Mio tentativo: "*The cat enjoys playing with a ball made with wool thread(s)/threads of wool.*" Userei anche semplicemente 'lana', ma dire "*made of wool*" non mi fa proprio pensare ai fili avvolti a matassa per fare appunto una pallina... E magari mi sbaglio e sarebbe proprio quella l'espressione migliore.

Suggerimenti da gattofili (esperti nella manifattura di quel genere di giochini) e non?


----------



## You little ripper!

luway said:


> .
> ----NUOVA DOMANDA----
> 
> 
> Parlando di fili di lana materiali, non metaforici, come dire: "*Al gatto piace giocare con una palla fatta con fili di lana/la lana (oppure: ...fatta di lana)*"?
> 
> Mio tentativo: "*The cat enjoys playing with a ball made of wool threads/threads of wool.*"  Userei anche semplicemente 'lana', ma dire "*made of wool*" non mi fa proprio pensare ai fili avvolti a matassa per fare appunto una pallina... E magari mi sbaglio e sarebbe proprio quella l'espressione migliore.
> 
> Suggerimenti da gattofili (esperti nella manifattura di quel genere di giochini) e non?


_The cat likes to play with a ball (made) of bits of wool yarn,_ might be another option, luway.


----------



## luway

Grazie, You Little Ripper! 

Non avevo familiarità con 'yarn' e grazie al tuo suggerimento ho potuto trovare anche altri thread interessanti per la questione in oggetto proprio qui: http://www.wordreference.com/enit/yarn)


----------



## london calling

Yes, Charles, but cats generally speaking play with _balls of wool_ (or at least mine , who speak English, always have!).

When I had two cats knitting was an almost impossible feat: I had one cat trying to catch the needles and the other one chasing the ball of wool!


----------



## You little ripper!

london calling said:


> Yes, Charles, but cats generally speaking play with _balls of wool_ (or at least mine , who speak English, always have!).
> 
> When I had two cats knitting was an almost impossible feat: I had one cat trying to catch the needles and the other one chasing the ball of wool!


Jo, if I had cats they would probably also wreak havoc with my _balls of wool_ had I the inclination to knit , but I thought that luway's cats, also English-speaking but having a more extended vocabulary, might occasionally play with _balls of wool yarn_. I have no idea what bilingual cats do! 

I was trying to think of different ways of saying the same thing.


----------



## london calling

You little ripper! said:


> Jo, if I had cats they would probably also wreak havoc with my _balls of wool_ had I the inclination to knit , but I thought that luway's cats, also English-speaking but having a more extended vocabulary, might occasionally play with _balls of wool yarn_. I have no idea what bilingual cats do!
> 
> I was trying to think of different ways of saying the same thing.


I wasn't saying you can't say _balls of wool yarn_, just that that isn't what would come to me (or my mogs!) naturally.
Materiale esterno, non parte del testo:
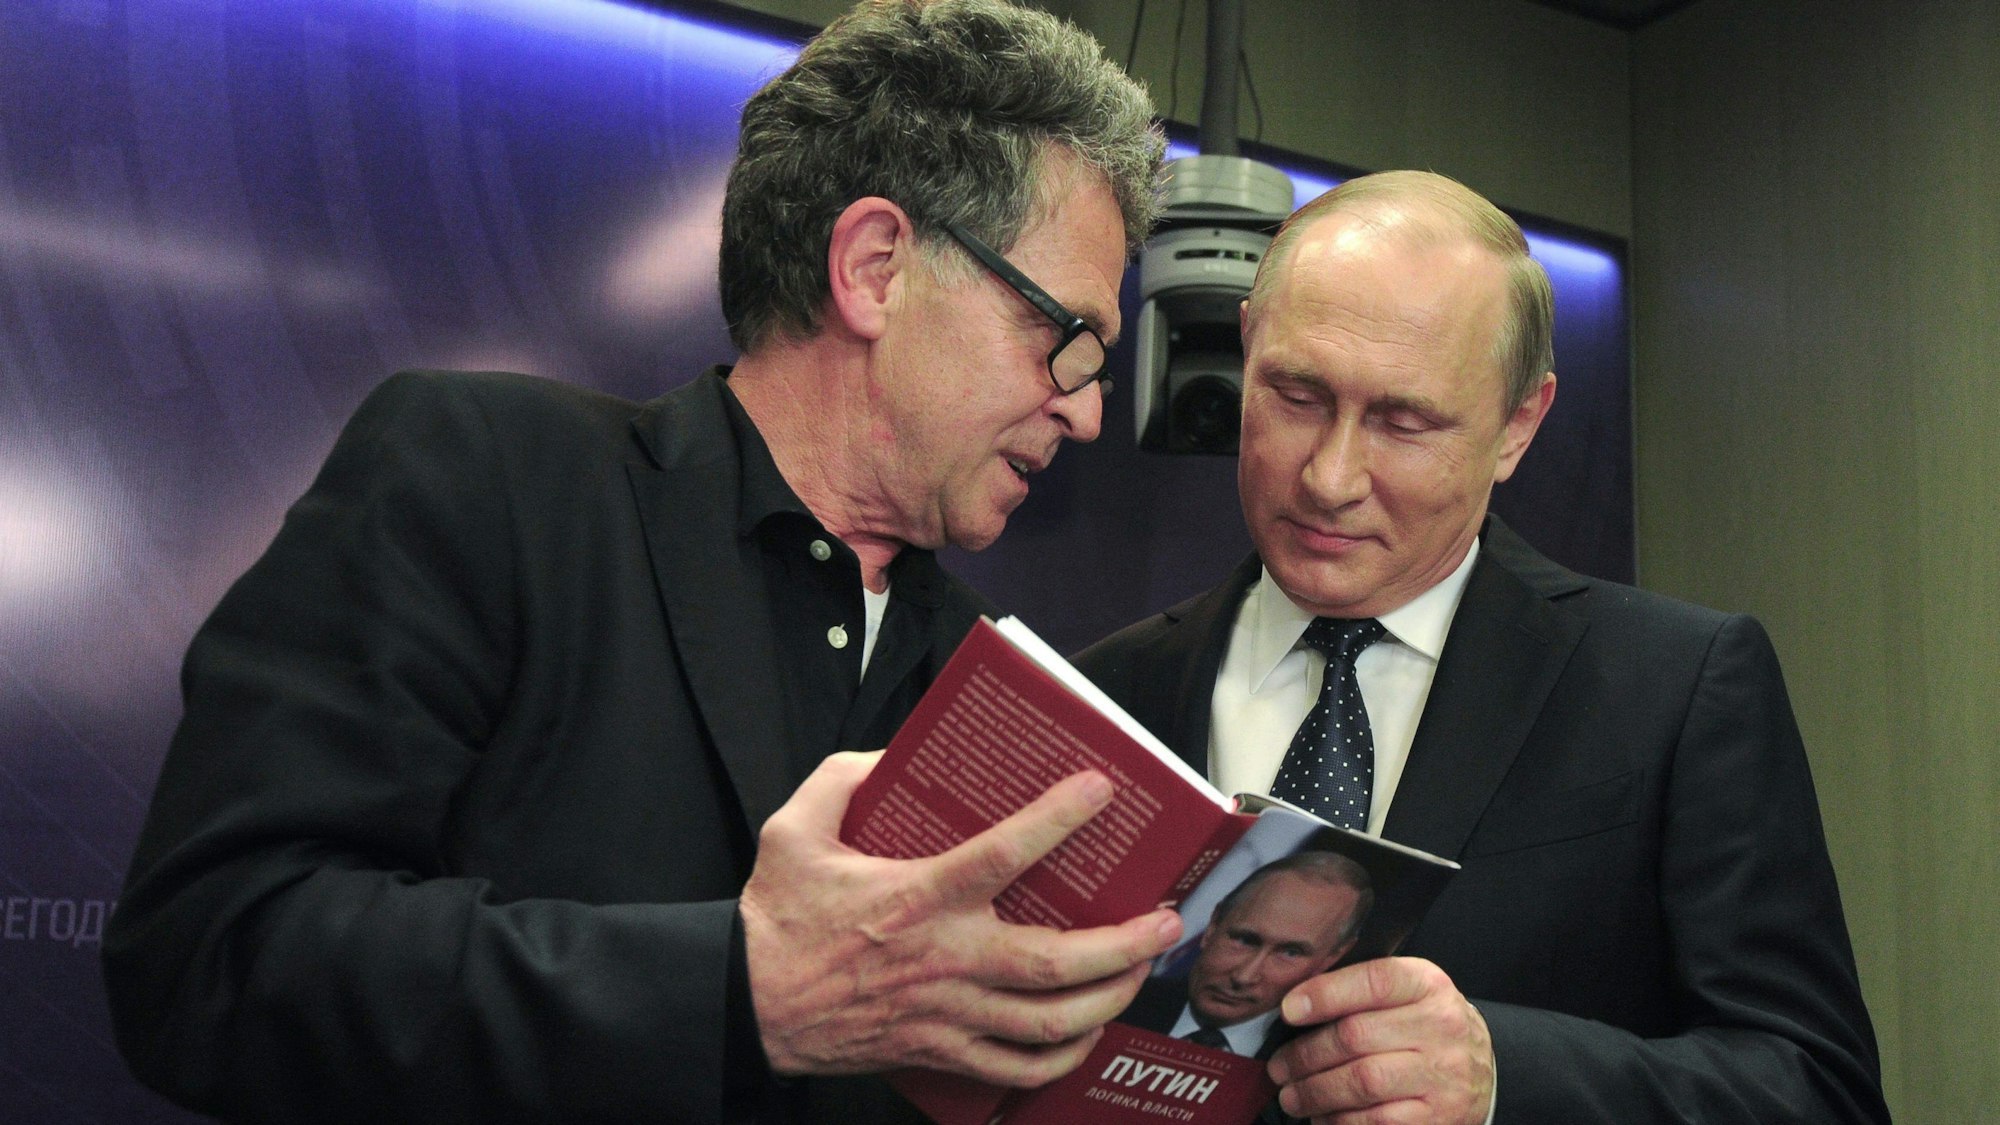 Der deutsche Journalist Hubert Seipel (l.) schaut sich mit Wladimir Putin sein Buch „Putin – The Logic of Power“ an. Dem preisgekrönten Journalisten wird in Medienberichten vorgeworfen, Unterstützung aus Russland für Buchprojekte erhalten zu haben. (Archivbild)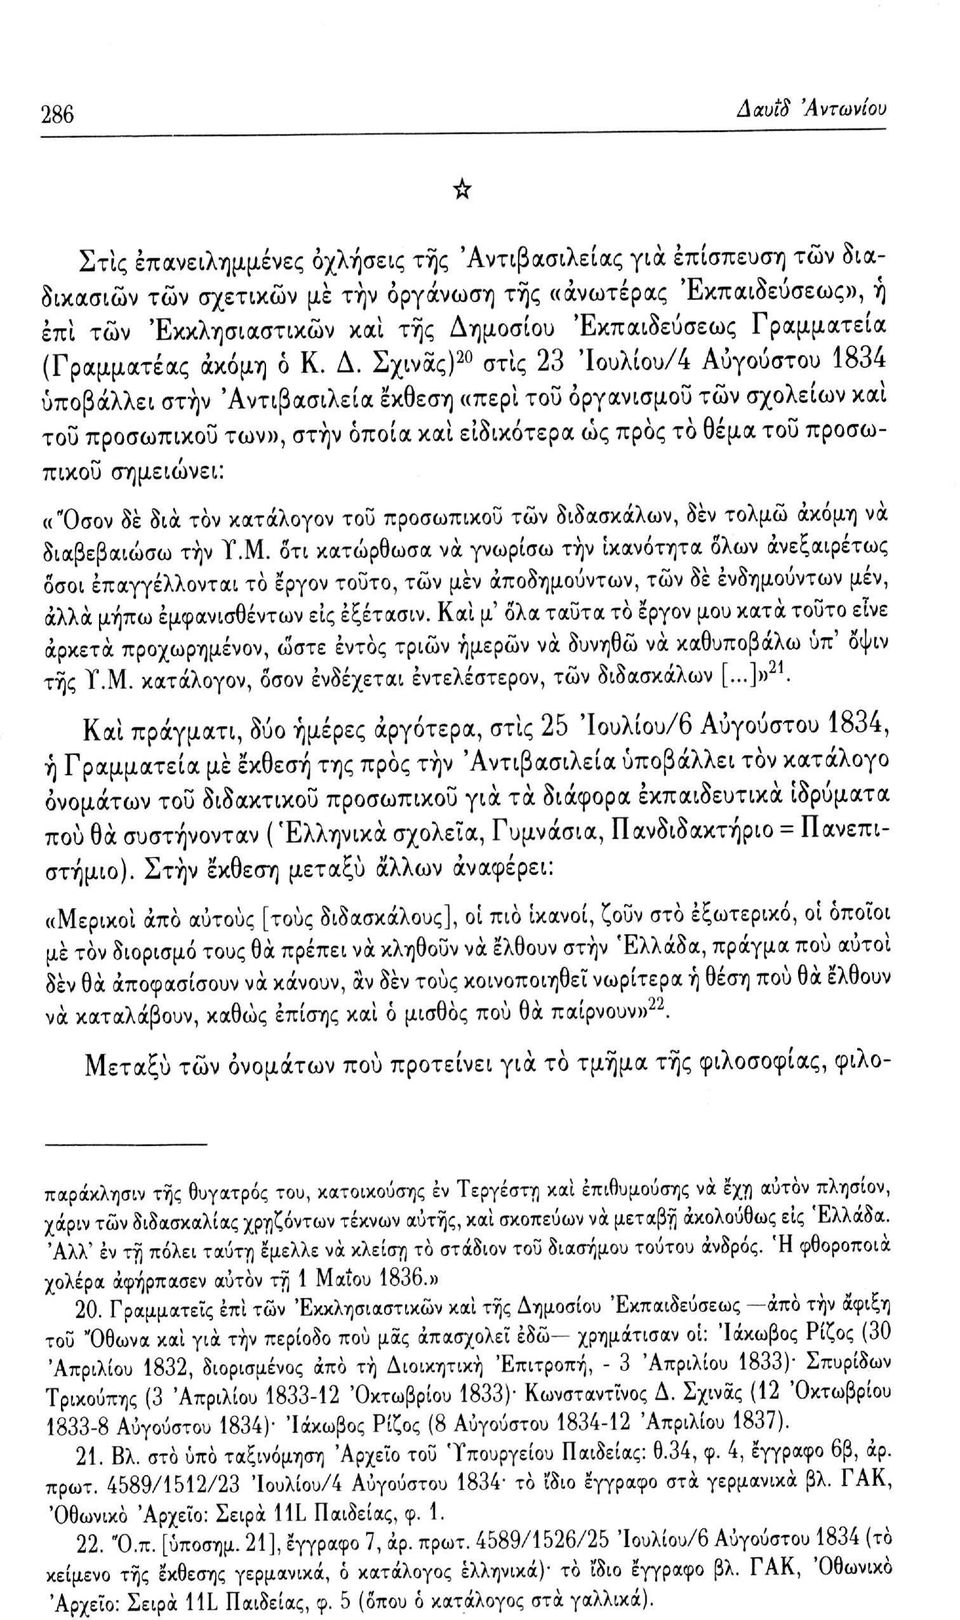 Σχινάς) 20 στις 23 Ίουλίου/4 Αυγούστου 1834 υποβάλλει στην 'Αντιβασιλεία έκθεση «περί του οργανισμού τών σχολείων και του προσωπικού των», στην οποία και ειδικότερα ώς προς το θέμα του προσωπικού

Italian cats might prefer the  more long-winded version of course (like their humans!).


----------



## rrose17

I agree that it's _a ball of wool_. The yarn is understood.


----------



## You little ripper!

rrose17 said:


> I agree that it's _a ball of wool_. The yarn is understood.


One of the translations luway asked for was 'palla fatta con *fili* di lana', in which case 'yarn' or 'thread' becomes important in my opinion.


----------



## CPA

Going back to before the cats , "sul filo di lana", in the case of a race, makes me think of a photo-finish.

@ Charles: yes, but he's outnumbered 4 to 1.


----------



## You little ripper!

CPA said:


> Going back to before the cats , "sul filo di lana", in the case of a race, makes me think of a photo-finish.


Oh, yes, I like that, CPA! 

Prefer dogs, do you?


----------



## luway

Grazie anche per le altre opzioni suggerite!


----------



## london calling

You little ripper! said:


> One of the translations luway asked for was 'palla fatta con *fili* di lana', in which case 'yarn' or 'thread' becomes important in my opinion.


So, a _ball made out of (bits of) wool _(I mean made purposely for the mog to play with in the hope that he leaves your balls of wool alone! Small hope...) as opposed to a _ball of wool _proper .


----------



## marco.cur

CPA said:


> Going back to before the cats , "sul filo di lana", in the case of a race, makes me think of a photo-finish.


 Fino alla fine degli anni '70 sul traguardo delle gare di atletica di velocità veniva steso un filo di lana, il quale, spezzandosi sotto la pressione del primo arrivato, faceva azionare la macchina fotografica.


----------



## CPA

Precisamente.


----------



## King Crimson

Oddly enough, no one suggested go (right) down to the wire for "(decidersi) sul file di lana". I just happened to see it used in the same context as post #10:

"The battle to build a seventh multi-billion dollar train for the Nigeria Liquefied Natural Gas project on Bonny Island *is going down to the wire*, with rumours emerging of a potential winner."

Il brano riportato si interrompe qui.